=== Exercise material ===

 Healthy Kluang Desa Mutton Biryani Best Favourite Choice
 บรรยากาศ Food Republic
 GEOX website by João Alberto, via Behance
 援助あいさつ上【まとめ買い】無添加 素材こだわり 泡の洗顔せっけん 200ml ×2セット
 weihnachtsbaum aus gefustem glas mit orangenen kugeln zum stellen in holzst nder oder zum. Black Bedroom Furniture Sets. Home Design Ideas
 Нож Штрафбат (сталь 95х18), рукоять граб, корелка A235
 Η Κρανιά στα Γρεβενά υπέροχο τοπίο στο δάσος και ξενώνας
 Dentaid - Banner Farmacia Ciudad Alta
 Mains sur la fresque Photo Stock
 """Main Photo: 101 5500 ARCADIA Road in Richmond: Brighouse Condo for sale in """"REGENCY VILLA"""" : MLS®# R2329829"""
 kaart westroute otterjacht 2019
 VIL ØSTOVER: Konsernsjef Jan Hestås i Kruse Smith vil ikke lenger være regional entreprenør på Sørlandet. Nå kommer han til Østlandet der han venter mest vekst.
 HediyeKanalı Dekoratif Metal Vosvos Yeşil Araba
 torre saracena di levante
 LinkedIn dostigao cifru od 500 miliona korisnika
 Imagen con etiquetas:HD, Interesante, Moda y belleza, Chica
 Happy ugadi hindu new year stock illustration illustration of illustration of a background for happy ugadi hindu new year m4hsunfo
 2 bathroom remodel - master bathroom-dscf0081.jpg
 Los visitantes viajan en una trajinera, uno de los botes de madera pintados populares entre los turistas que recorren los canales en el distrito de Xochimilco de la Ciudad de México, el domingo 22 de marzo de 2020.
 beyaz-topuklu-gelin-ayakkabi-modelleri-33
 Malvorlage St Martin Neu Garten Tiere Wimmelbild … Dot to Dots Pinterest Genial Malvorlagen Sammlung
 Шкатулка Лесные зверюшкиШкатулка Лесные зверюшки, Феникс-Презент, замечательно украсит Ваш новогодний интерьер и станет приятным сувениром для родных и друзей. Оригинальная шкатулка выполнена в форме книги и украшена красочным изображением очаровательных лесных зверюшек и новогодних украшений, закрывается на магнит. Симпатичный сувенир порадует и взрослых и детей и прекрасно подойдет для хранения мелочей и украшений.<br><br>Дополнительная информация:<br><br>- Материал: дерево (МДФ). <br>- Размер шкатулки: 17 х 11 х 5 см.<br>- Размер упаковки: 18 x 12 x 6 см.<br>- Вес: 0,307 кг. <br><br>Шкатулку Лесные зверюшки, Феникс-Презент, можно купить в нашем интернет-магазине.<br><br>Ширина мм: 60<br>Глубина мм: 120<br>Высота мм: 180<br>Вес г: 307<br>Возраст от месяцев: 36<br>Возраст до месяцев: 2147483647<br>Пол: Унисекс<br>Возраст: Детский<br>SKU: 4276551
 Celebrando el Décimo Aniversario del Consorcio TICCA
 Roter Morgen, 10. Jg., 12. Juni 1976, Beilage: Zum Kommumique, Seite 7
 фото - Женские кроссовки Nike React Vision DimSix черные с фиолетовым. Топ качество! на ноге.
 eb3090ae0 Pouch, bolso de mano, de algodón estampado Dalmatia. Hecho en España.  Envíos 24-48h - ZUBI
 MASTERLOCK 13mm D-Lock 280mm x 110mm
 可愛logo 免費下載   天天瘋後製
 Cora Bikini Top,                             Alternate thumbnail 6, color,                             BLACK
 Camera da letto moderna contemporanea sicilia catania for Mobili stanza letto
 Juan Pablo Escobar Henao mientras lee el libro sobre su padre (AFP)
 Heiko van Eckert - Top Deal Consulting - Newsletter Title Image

===

* **Try it**
Please copy only these lines, exactly: the first line of the records through the line containing "Mains sur la fresque Photo Stock", ends included.

* **Written response**
 Healthy Kluang Desa Mutton Biryani Best Favourite Choice
 บรรยากาศ Food Republic
 GEOX website by João Alberto, via Behance
 援助あいさつ上【まとめ買い】無添加 素材こだわり 泡の洗顔せっけん 200ml ×2セット
 weihnachtsbaum aus gefustem glas mit orangenen kugeln zum stellen in holzst nder oder zum. Black Bedroom Furniture Sets. Home Design Ideas
 Нож Штрафбат (сталь 95х18), рукоять граб, корелка A235
 Η Κρανιά στα Γρεβενά υπέροχο τοπίο στο δάσος και ξενώνας
 Dentaid - Banner Farmacia Ciudad Alta
 Mains sur la fresque Photo Stock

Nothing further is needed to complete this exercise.